In another example, optionally at Block 422, a transmit power control command including one or more power control parameters can be received. In an aspect, power control component 340, e.g., in conjunction with processor(s) 305, memory 302, transceiver 370, etc., can receive the transmit power control command including the one or more power control parameters, and can accordingly modify transmit power for one or more uplink communications based on the one or more power control commands. In one example, power control component 340 can receive the transmit power control command in response to the transmitted UL beams transmitted in Block 410. In one example, power control component 340 can receive the transmit power control command as an SRS activation message for activating an SRS channel or other resources, which can also include the one or more power control parameters. The SRS activation message can be received from the base station 105 over RRC, DCI, etc. Moreover, for example, the SRS activation message may include parameters such as an SRS power offset, and absolute or accumulative power control command, etc. Moreover, in an example, power control component 340 can use the SRS power offset for each SRS transmission. An absolute power control command may be a further offset used e.g., only once or over a limited number of SRS transmissions. An accumulative command may be a power offset that is added to such commands received previously (and/or accumulated across multiple SRS activations), either during previous SRS activations/deactivations or while an SRS resource was previously active.

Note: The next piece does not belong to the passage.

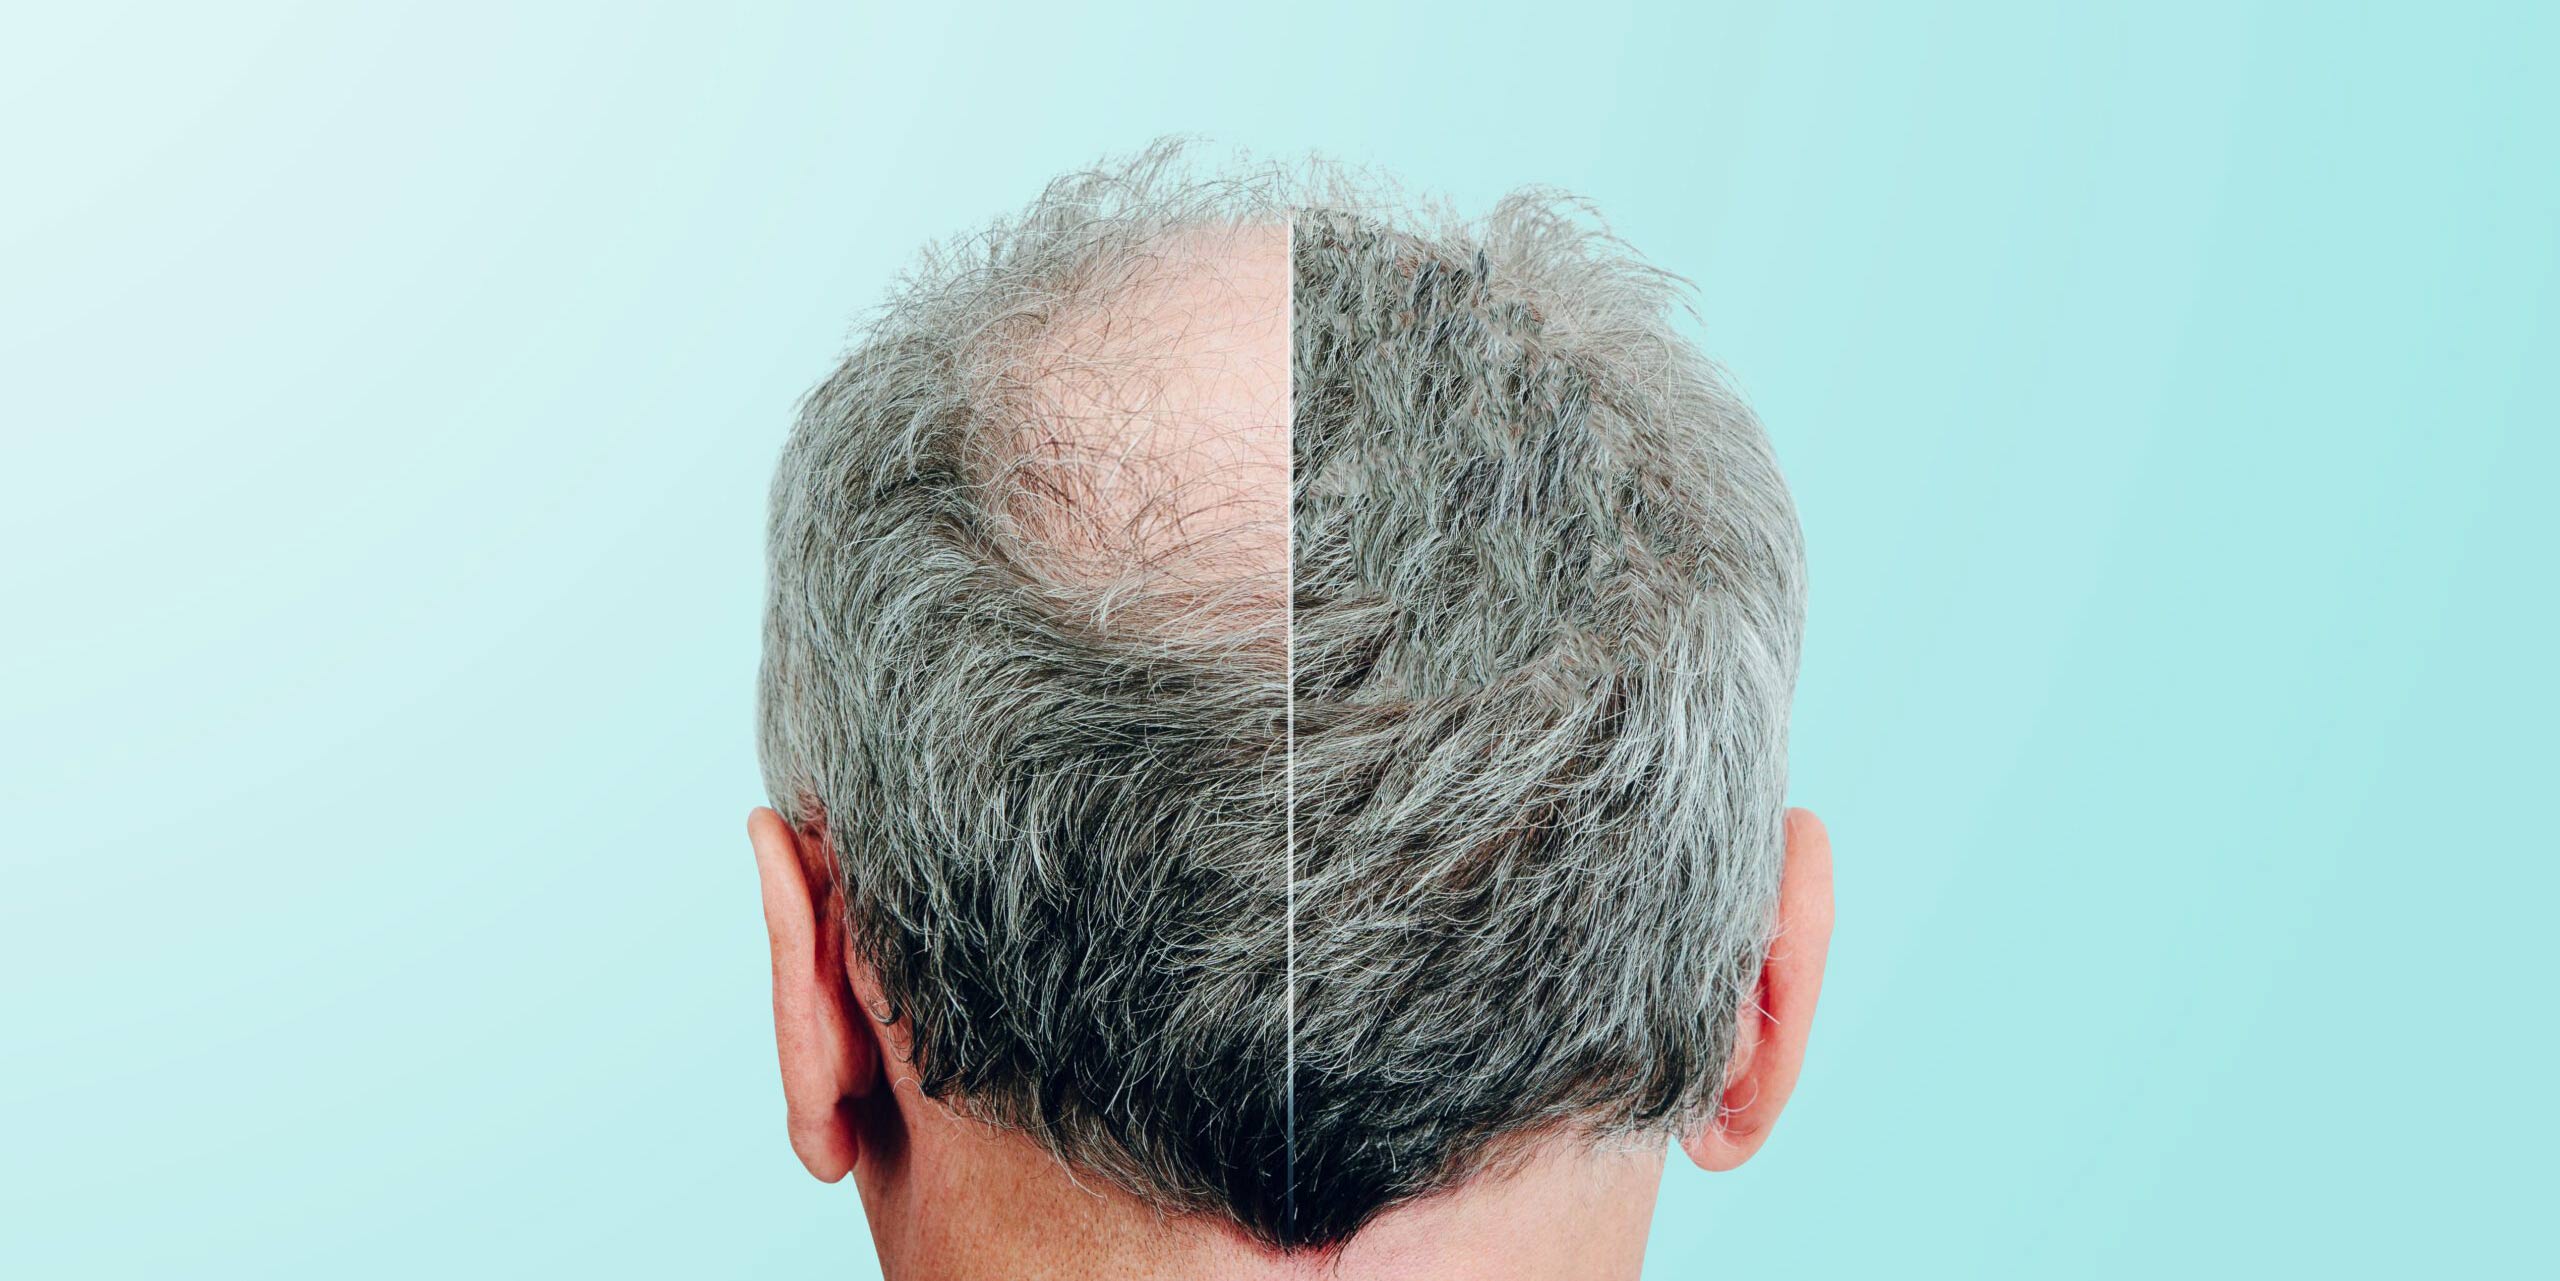 PRP Treatment for hair loss - La Maison Medicale - Kensington International  Clinic

FIG. 5 illustrates a flow chart of an example of a method 500 for transmitting (e.g., by a UE) uplink beams to one or more base stations. Method 500 can include a plurality of optional Blocks that can be performed as part of transmitting UL beams as described in Block 410 in method 400 of FIG. 4.
At Block 410, the plurality of UL beams can be transmitted in multiple beamformed directions. In an aspect, UL beam generating component 344, e.g., in conjunction with processor(s) 305, memory 302, transceiver 370, power control component 340, etc., can transmit, based on the transmit power, the plurality of UL beams in the multiple beamformed directions, as described above. Transmitting the plurality of UL beams at Block 410 may optionally include, at Block 502, transmitting one or more of the plurality of UL beams. In an aspect, UL beam generating component 344, e.g., in conjunction with processor(s) 305, memory 302, transceiver 370, power control component 340, etc., can transmit the one or more of the plurality of UL beams (e.g., a portion of the UL beams). This can include UL beam generating component 344 transmitting the one or more of the plurality of UL beams as part of the beam sweeping procedure.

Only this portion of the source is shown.